Trust me – I’m a Bishop

There are many possible responses to this plea, ranging from:  “You must be joking – I did that once and I won’t make that mistake again”, to “Of course I will because being trustworthy is part of what being a Bishop is all about”.  

Probably most people will position themselves somewhere between these extremes of pathological suspicion and unconditional confidence when it comes to trusting Bishops – or anyone else for that matter.   

But why is trust so important?  Well, the whole of our Banking system depends on it and recent events have raised all sorts of questions about the extent to which money-marketeers can be trusted to deliver efficient and fair economic outcomes without strict regulation. Demands for regulation imply increasing erosion of trust, so trust matters.   

So, what is trust? The very word has the gift of warming the heart and casting out fear. It is a feel-good word, but we note that it is rarely unconditional. It makes assumptions about the reliability and benevolence of other people which we are seldom prepared to concede without putting in place some fail-safe provisions lest our assumptions prove to be misplaced. This is because, human nature being what it is, individuals will tend to pursue their own interests. Co-operation cannot be assumed.   
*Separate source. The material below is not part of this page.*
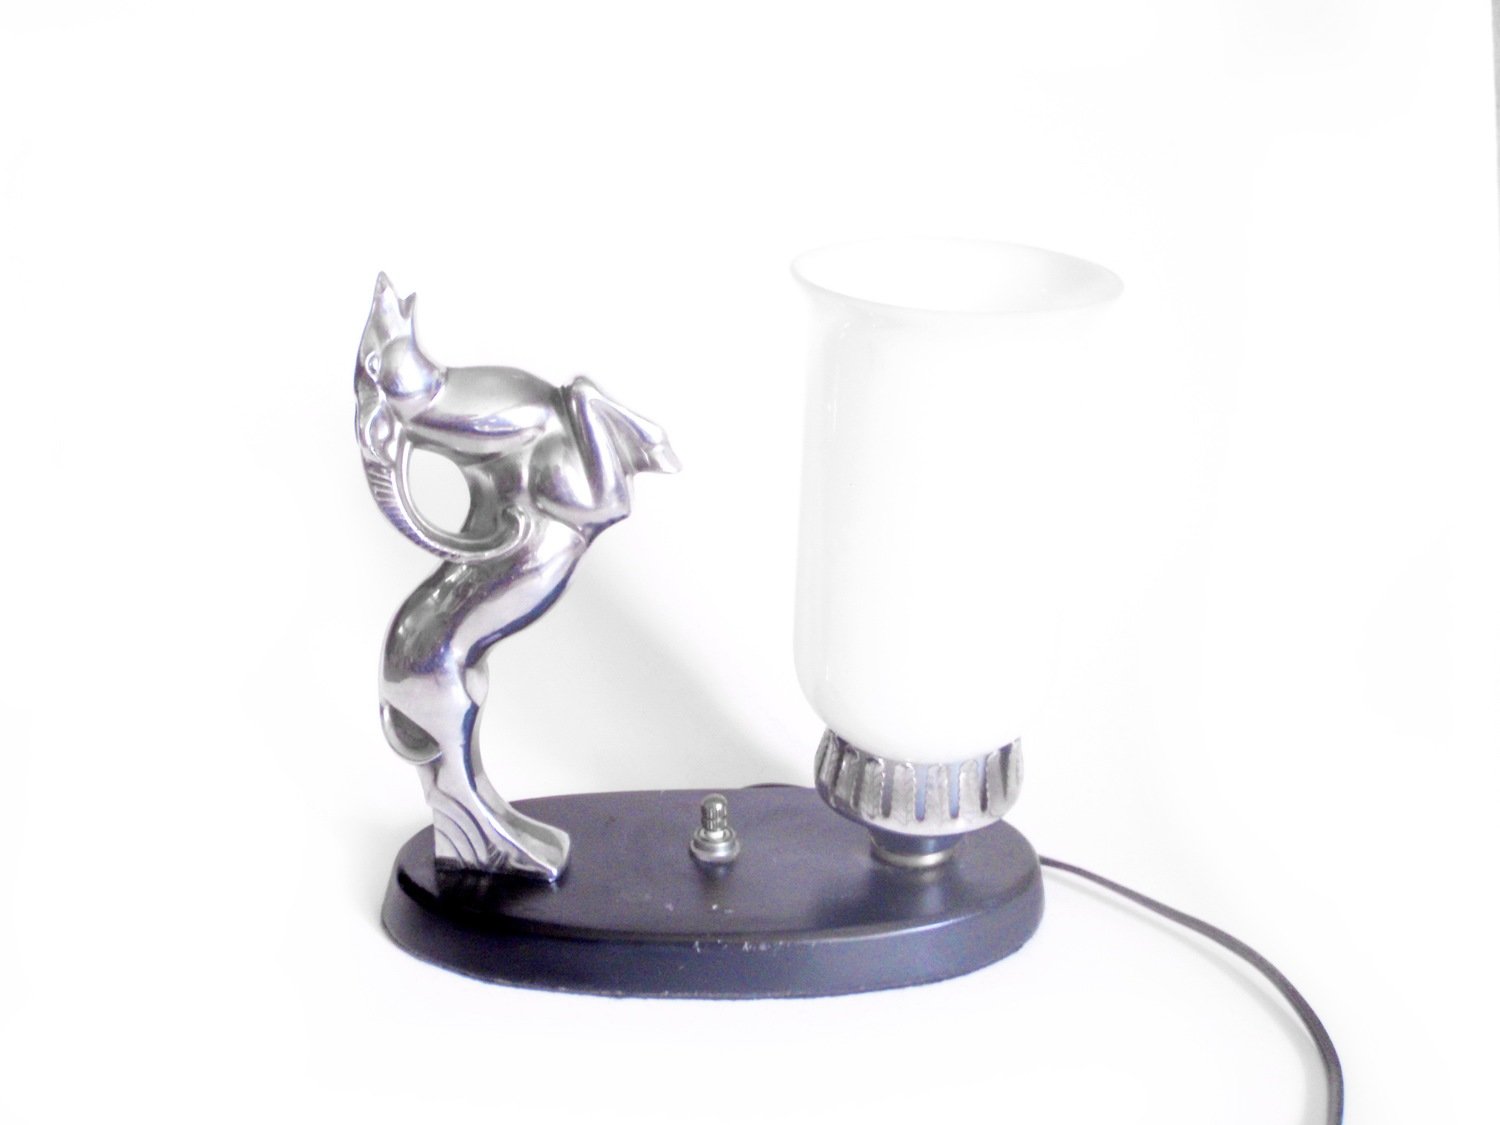 Art Deco Chrome Antelope Table Lamp 1930s Lighting Mood Accent Light
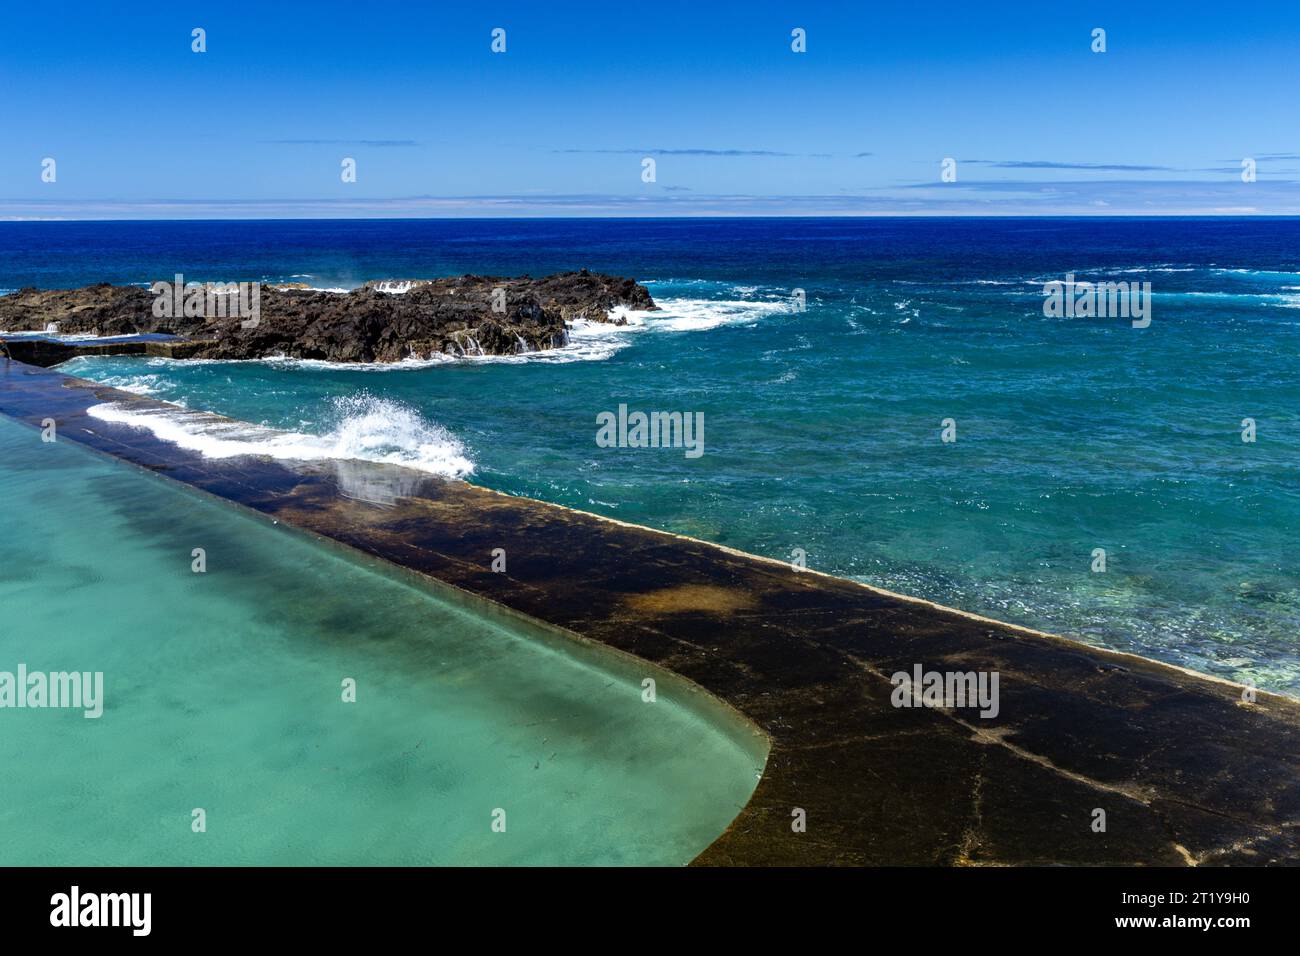 Ein natürliches Schwimmbad mit Wasser aus dem Atlantik, Piscina Natural Spain Teneriffa Stockfoto

Yet we do continue to trust other people even when this would appear to be rather risky in a climate of self-centredness and greed. This commitment to go on trusting people may be purely pragmatic – how could a modern economy, democracy or Church continue to operate without some degree of trust being conceded? However, it may be attributable to something much more fundamental about what it means to be human.   

We live in relationship with one another and where there is no trust, there can be no relationship. Trust is fundamental to life in community, and it is fundamental to what we call faithfulness. Faith is a disposition of the mind and will to entrust oneself and one’s interests to the reliability and benevolence of another. When that “other” is God, then faith is the ultimate expression of trust and it is our faith in the unconditional trustworthiness of God which enables us to entrust ourselves to others in the sure and certain hope that, even if that trust does prove to be misplaced, underneath are the everlasting arms.

Trust me, I’m a Bishop – but only if you trust God even more.